Step 4: Create Hive Directories in HDFS

First of all, Run all the required statements of Hadoop

$ cd $HADOOP_HOME/sbin
$ ./start-all.sh

Create two separate directories to store data in the HDFS layer:

• The temporary, tmp directory is going to store the intermediate results of

Hive processes.

• The warehouse directory is going to store the Hive-related tables.

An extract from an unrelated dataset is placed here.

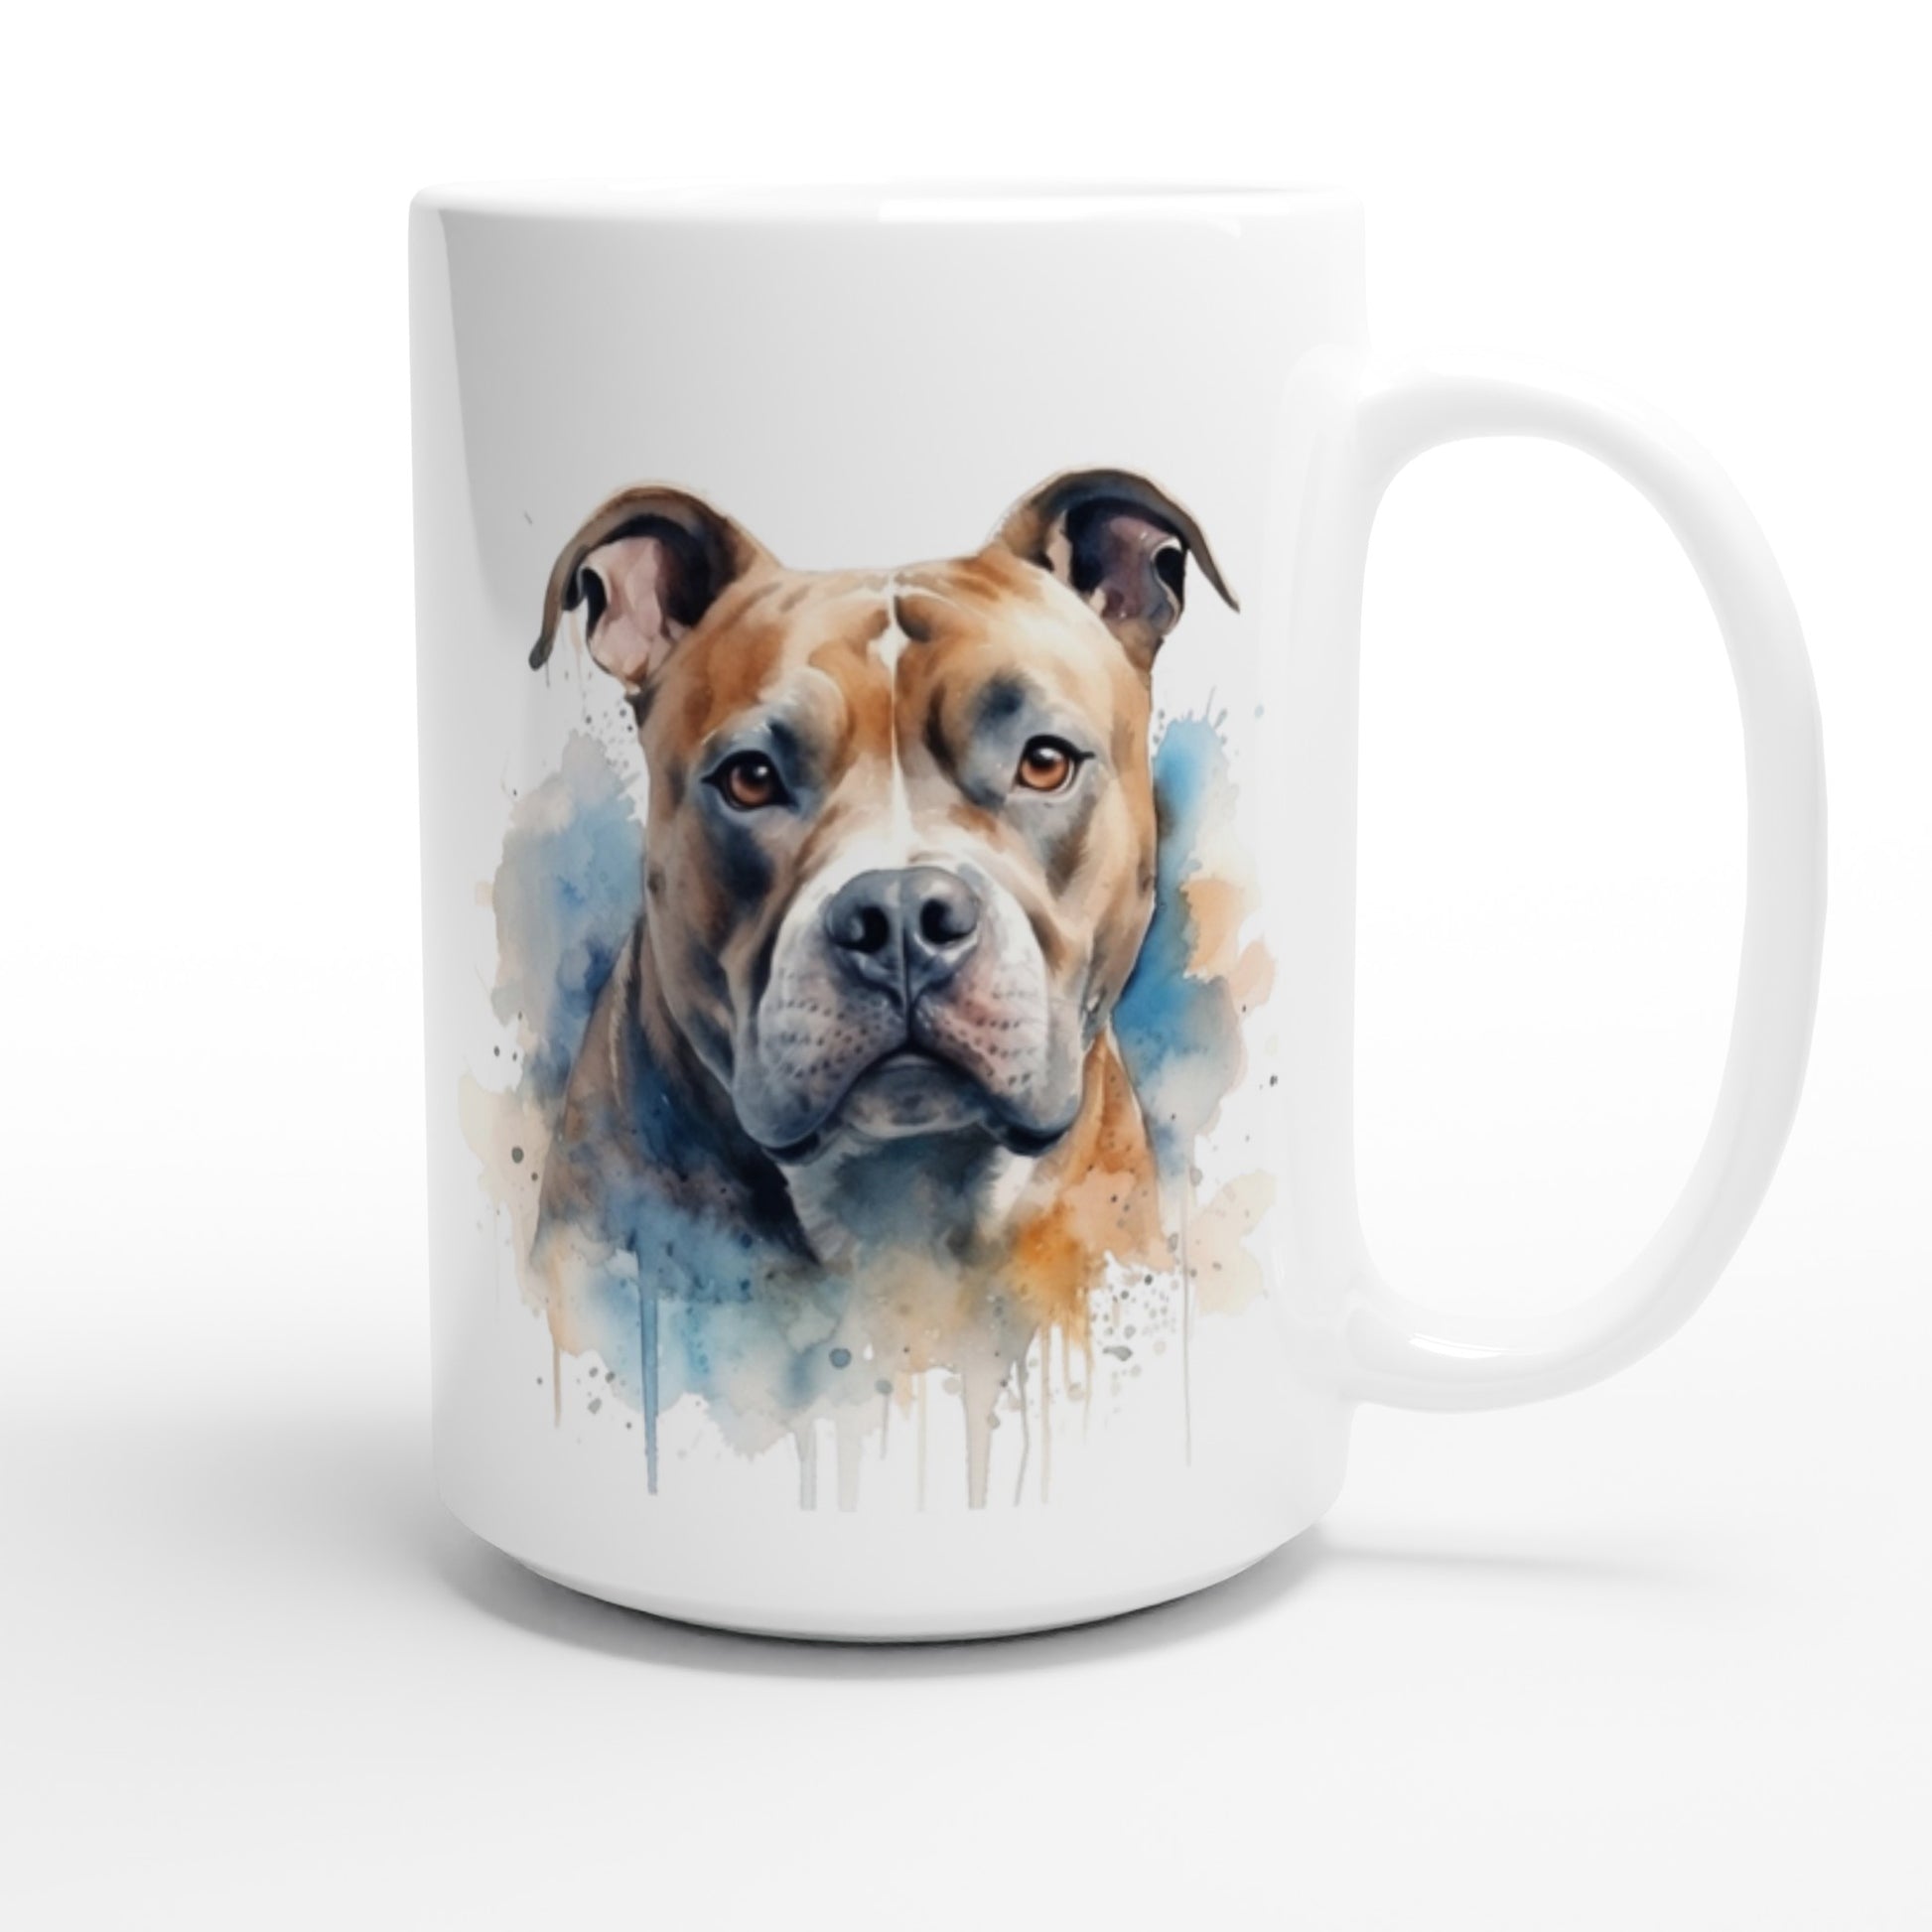 Big Staffy dog mug Australia

$ hdfs dfs -mkdir /tmp # create a directory ‘tmp’
$ hdfs dfs -chmod g+w /tmp # executing read-write permissions
$ hdfs dfs -ls / # checking if the permissions were added correctly

Now, creating warehouse directory in HDFS

$ hdfs dfs -mkdir -p /user/hive/warehouse
$ hdfs dfs -chmod g+w /user/hive/warehouse # executing read-write permissions
$ hdfs dfs -ls /user/hive # checking if the permissions were added correctly

Step 5: Configure hive-site.xml File

Apache Hive distributions contain template configuration files by default. The

template files are located within the Hive conf directory and outline the default Hive

settings.

$ cd $HIVE_HOME/conf #changing directory
$ cp hive-default.xml.template hive-site.xml
# creating hive-site.xml using hive-default.xml.template
$ sudo nano hive-site.xml
# opening file

Now, change the value of hive.metastore.warehouse.dir to /home/hdoop/apache-hive-3.1.2-bin/warehouse

STEP 6: Metastore Configuration

$ sudo apt-get update
$ sudo apt-get install mysql-server
$ sudo mysql_secure_installation utility
# set the password to “hivepassword” and password strength as ‘0’
$ sudo systemctl start mysql # This command starts the mysql service
$ sudo systemctl enable mysql
# This command ensures that the database server launches after a reboot

Now, go to https://dev.mysql.com/downloads/file/?id=507326 and download

mysql-connector-java-8.0.27.tar.gz.jar and change .jar file name to mysql-

connector-java.jar and copy/move it to home/apache-hive-3.1.2-bin/lib

$ sudo mysql; # login to MySQL shell
sql> CREATE DATABASE metastore;
sql> USE metastore;
sql> SOURCE /home/hdoop/apache-hive-3.1.2-bin/scripts/metastore/upgrade/mysql/hive-schema-3.1.0.mysql.sql;

# creating dB for metastore

sql> CREATE USER 'hiveuser'@'%' IDENTIFIED BY 'hivepassword';
sql> GRANT ALL PRIVILEGES ON *.* TO 'hiveuser'@'%';
sql> flush privileges;
sql> exit; # to logout of MySQL Shell

If there is an error like this "Your password does not satisfy the current policy requirements." then you can run this command to see password validate configuration metrics.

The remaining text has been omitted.